• [Task prompt] Output the run of lines that opens with the first line of the material below and closes with the line containing "Foyers Campsite and", both included, and drop the pictures.

• [Given information]
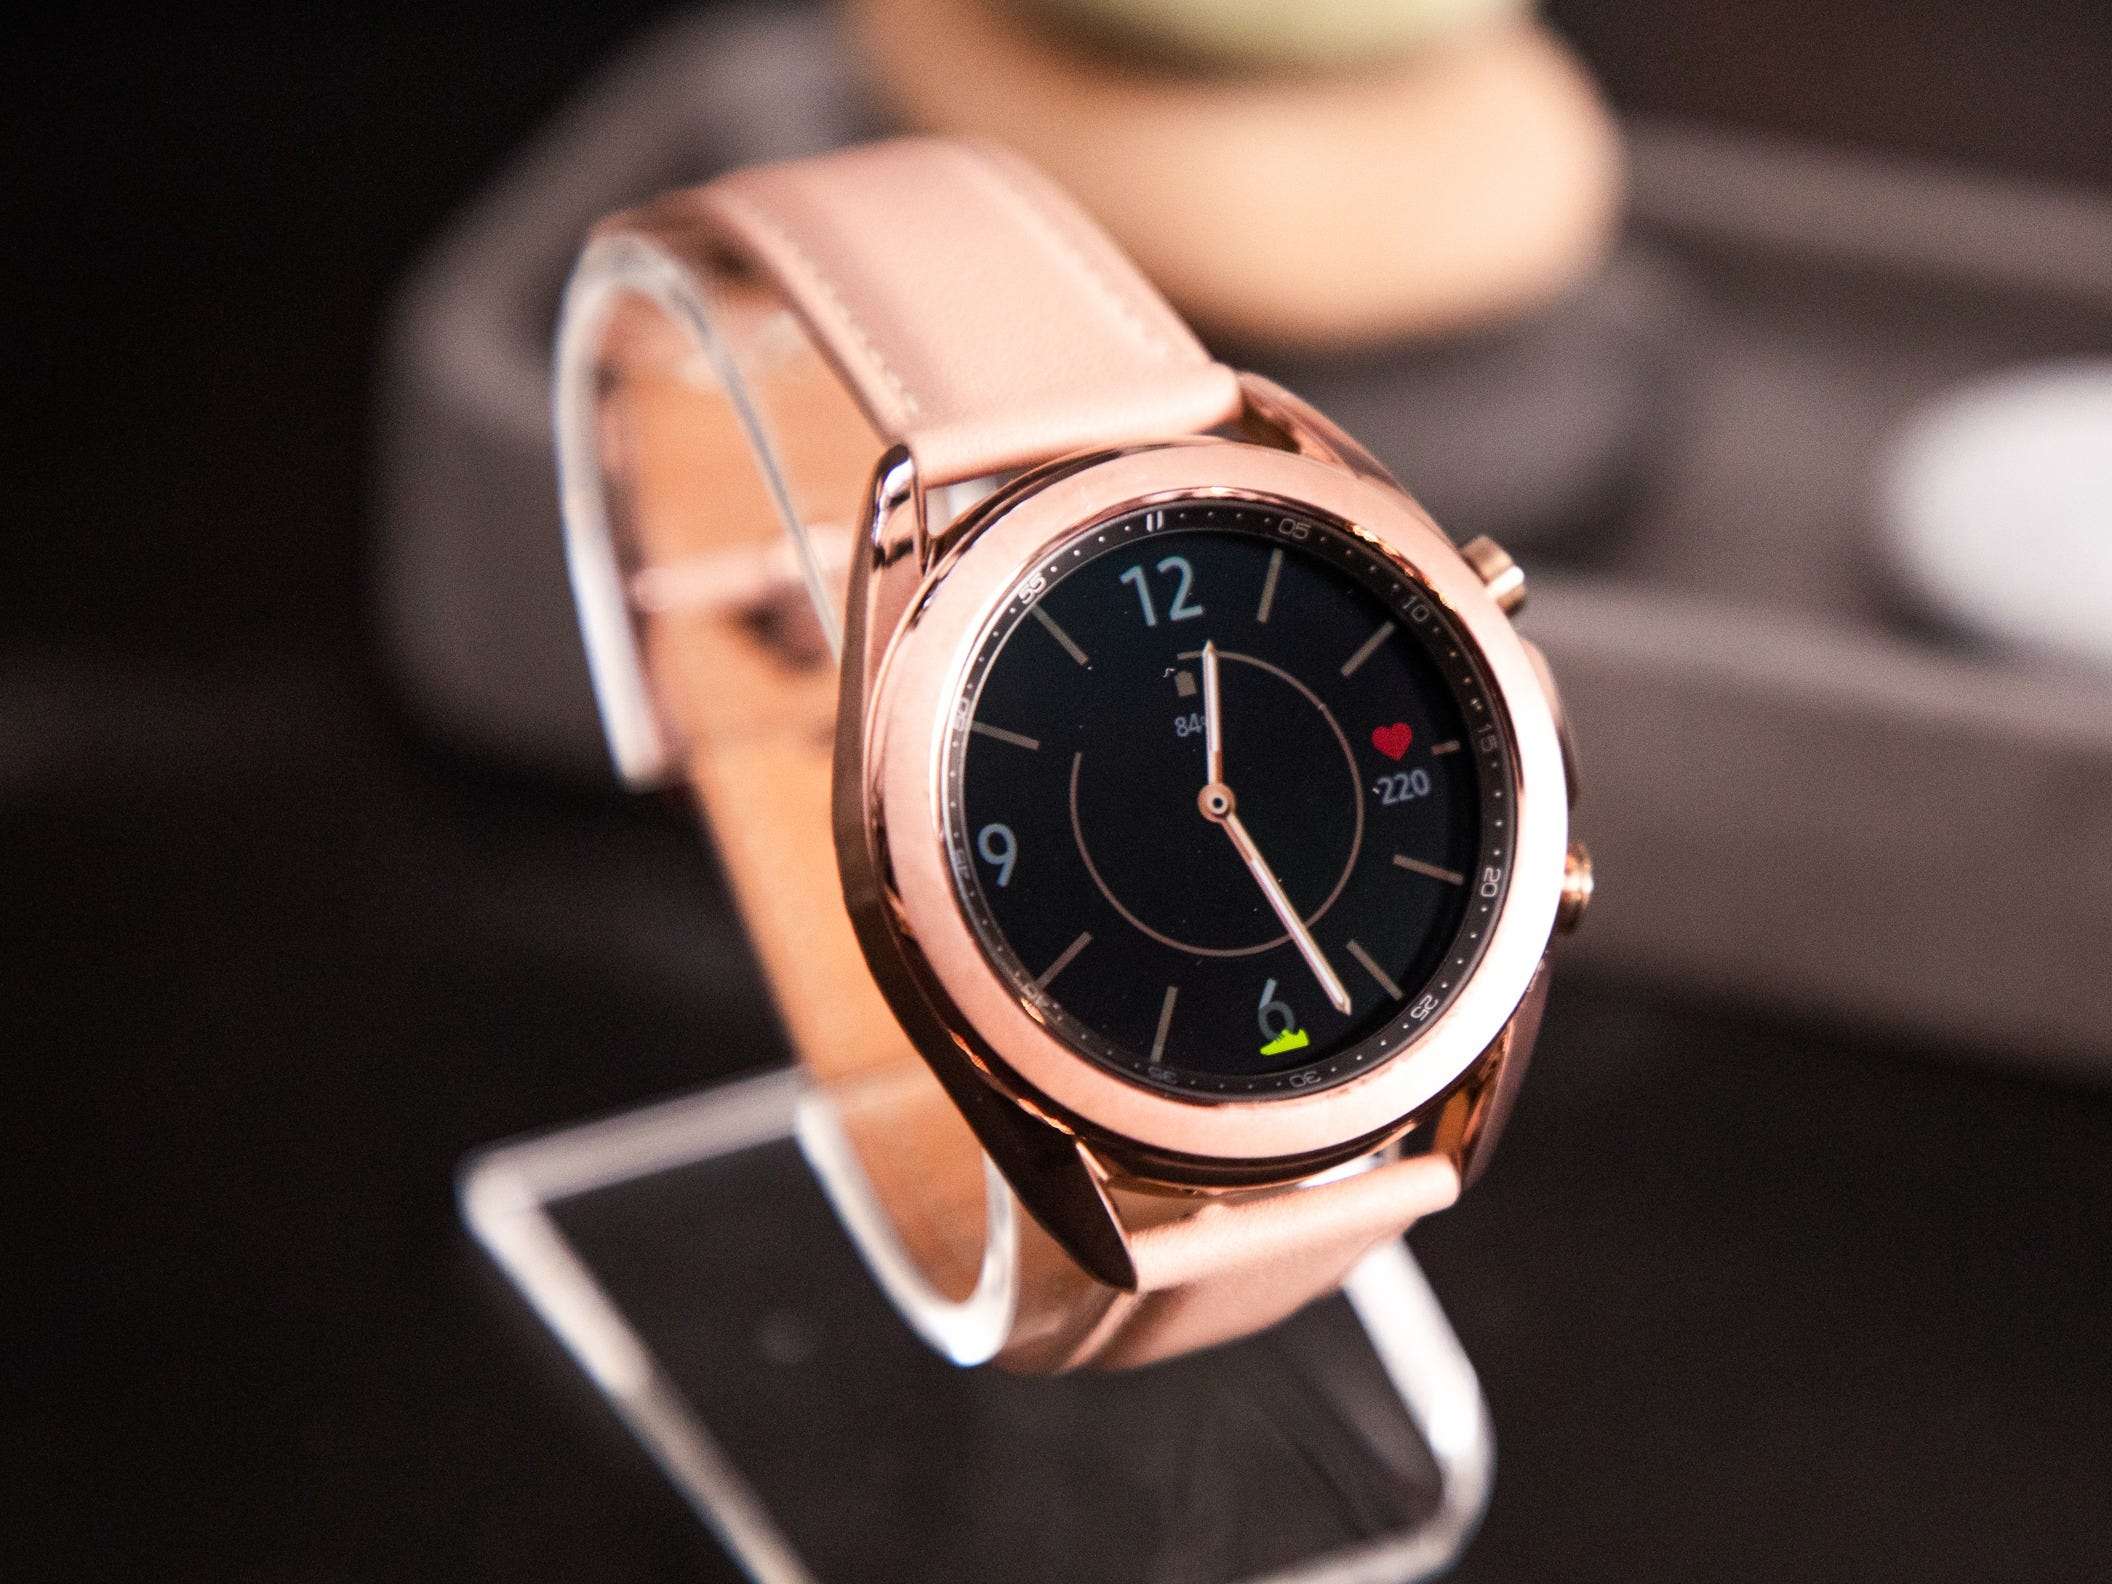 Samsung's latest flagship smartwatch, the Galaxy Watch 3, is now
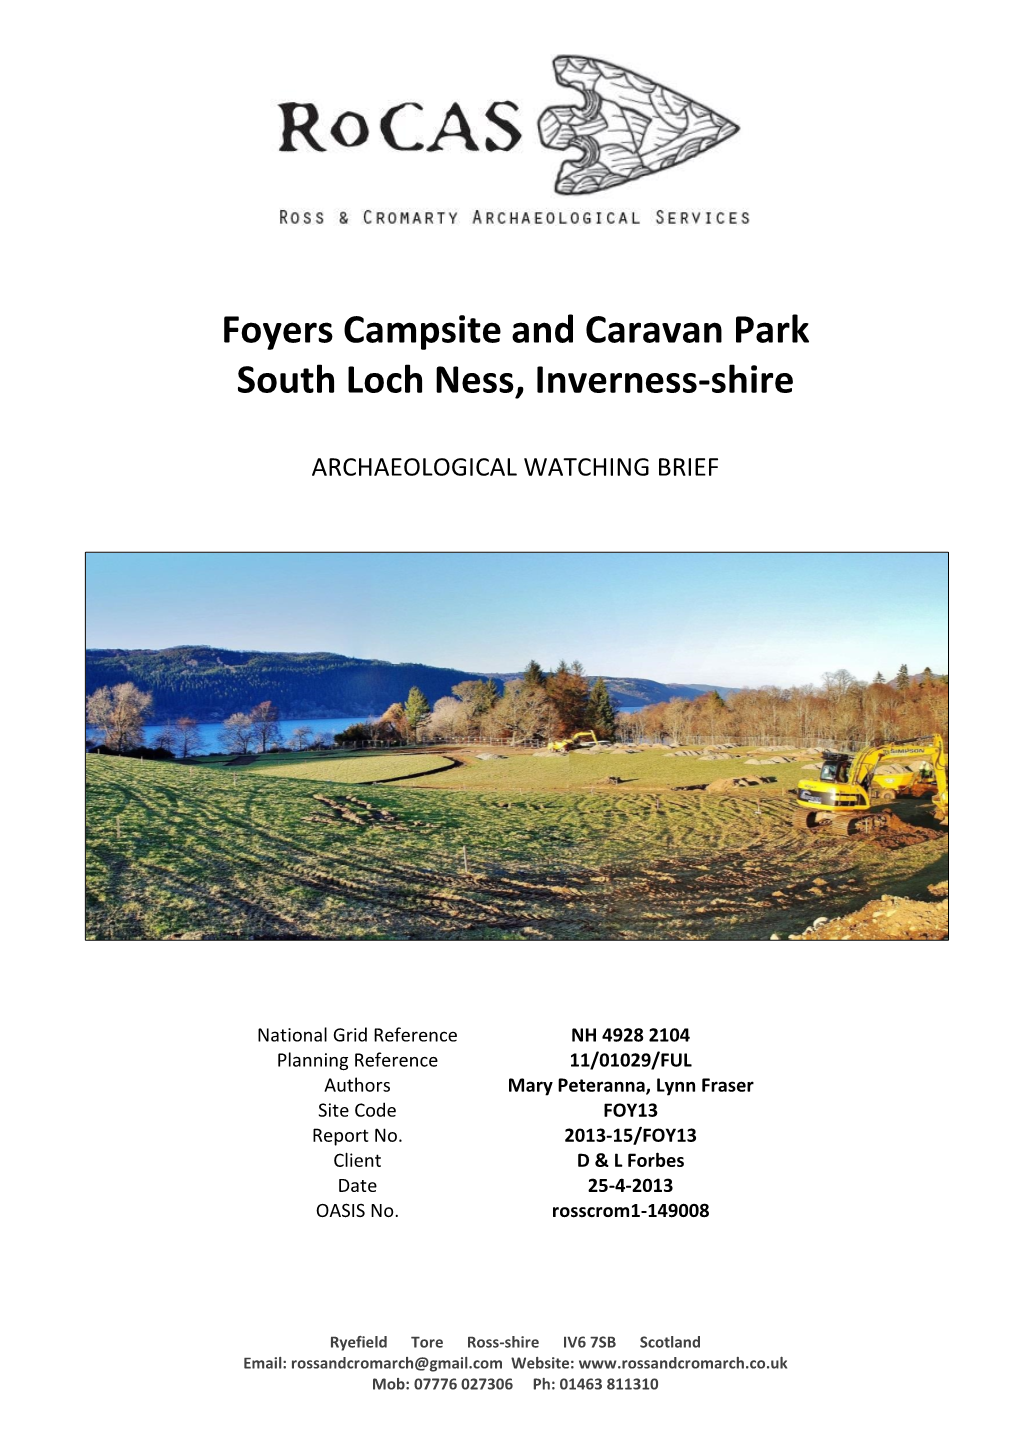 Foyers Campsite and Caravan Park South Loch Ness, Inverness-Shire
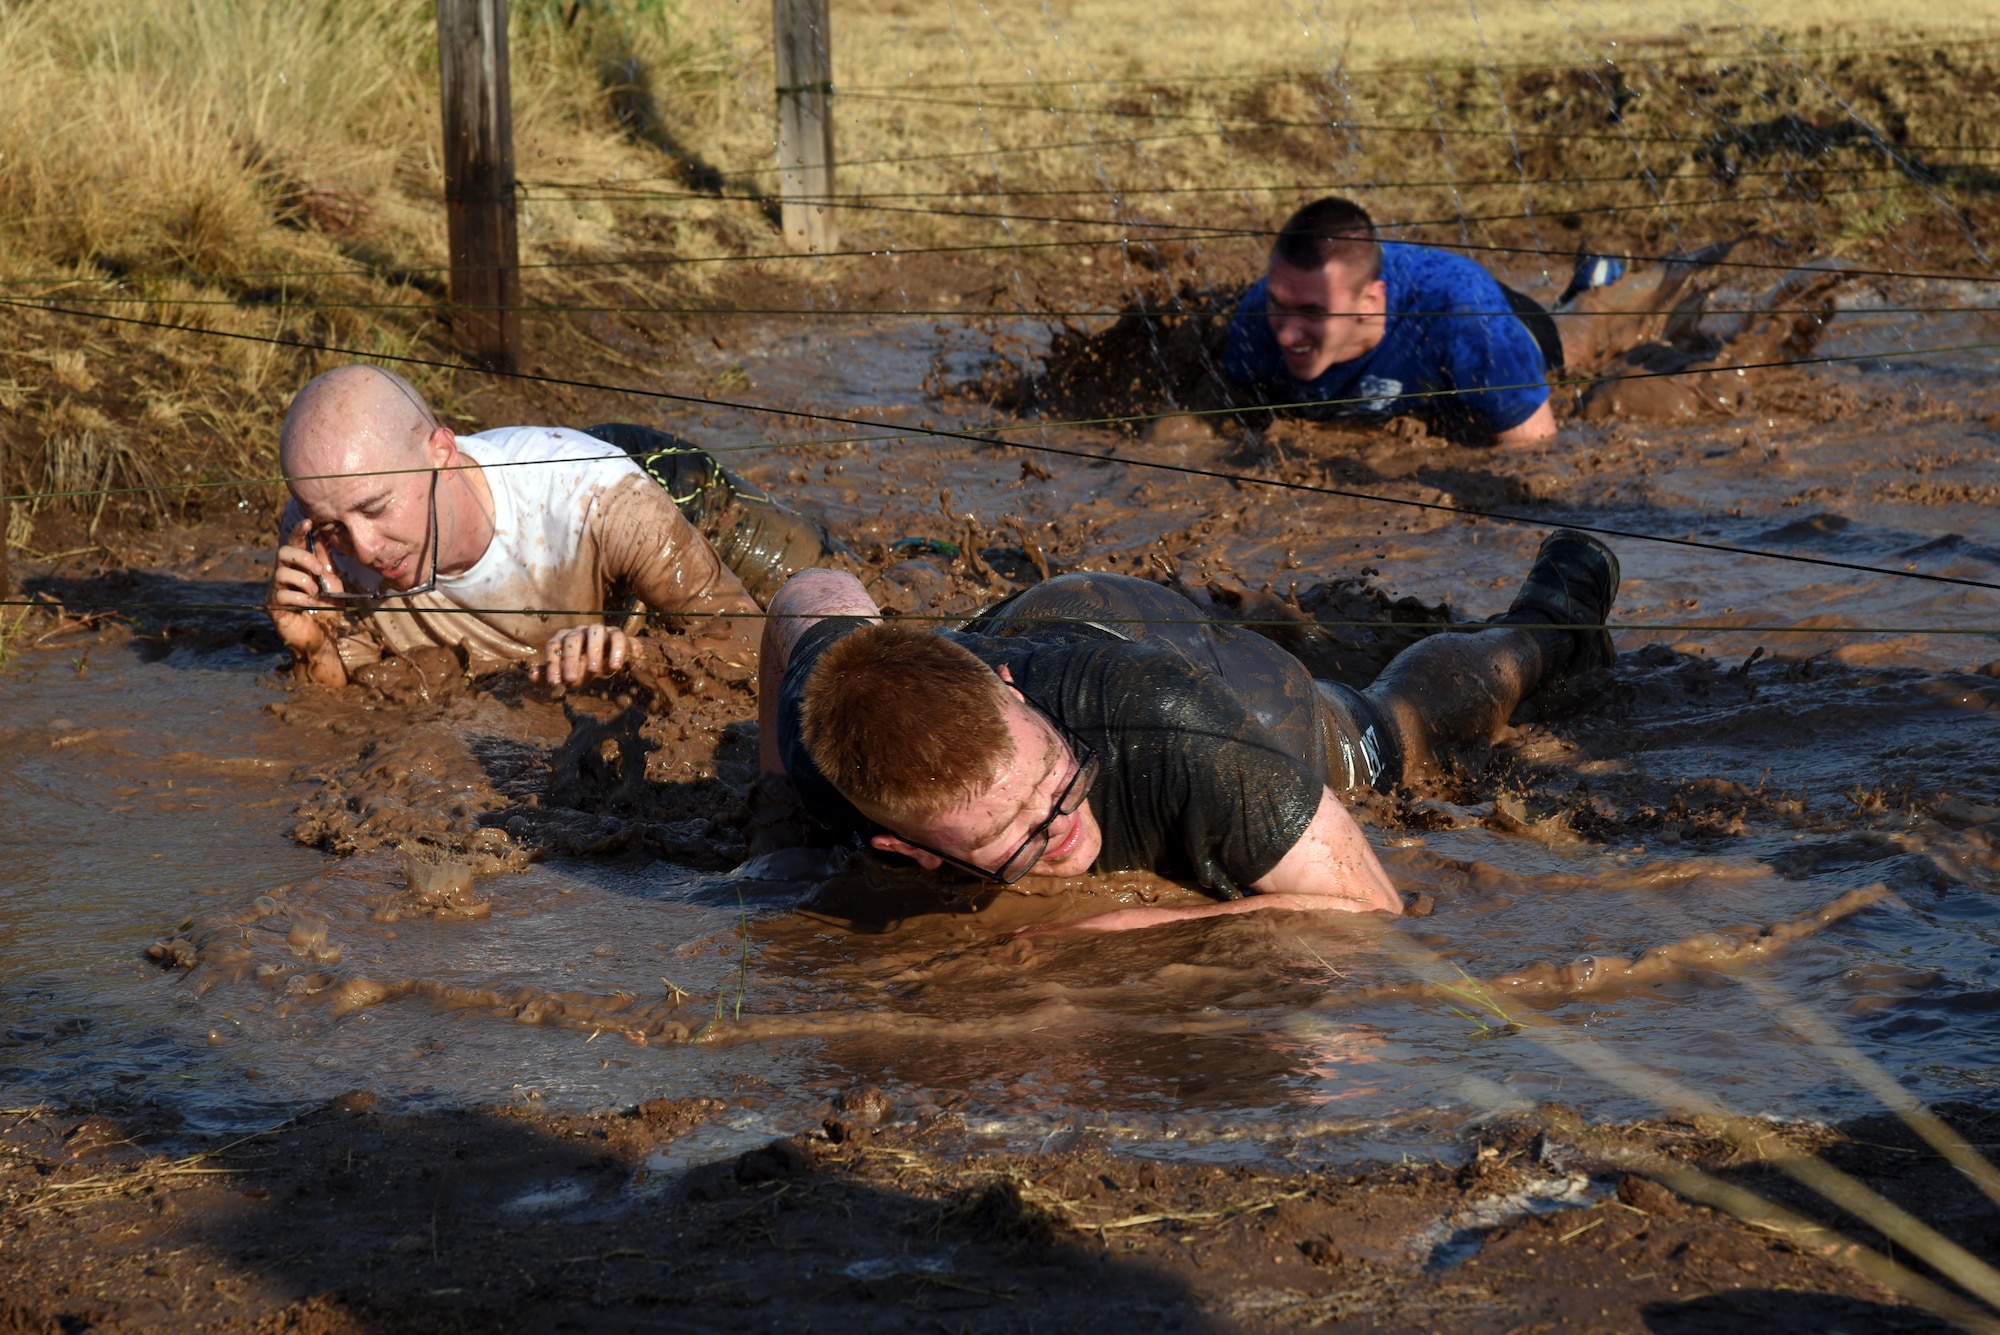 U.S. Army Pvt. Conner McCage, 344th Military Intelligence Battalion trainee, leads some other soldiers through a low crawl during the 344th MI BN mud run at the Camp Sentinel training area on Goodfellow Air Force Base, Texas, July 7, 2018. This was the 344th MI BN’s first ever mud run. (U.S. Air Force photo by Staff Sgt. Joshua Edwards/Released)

• [Task result]
 Samsung's latest flagship smartwatch, the Galaxy Watch 3, is now
 Foyers Campsite and Caravan Park South Loch Ness, Inverness-Shire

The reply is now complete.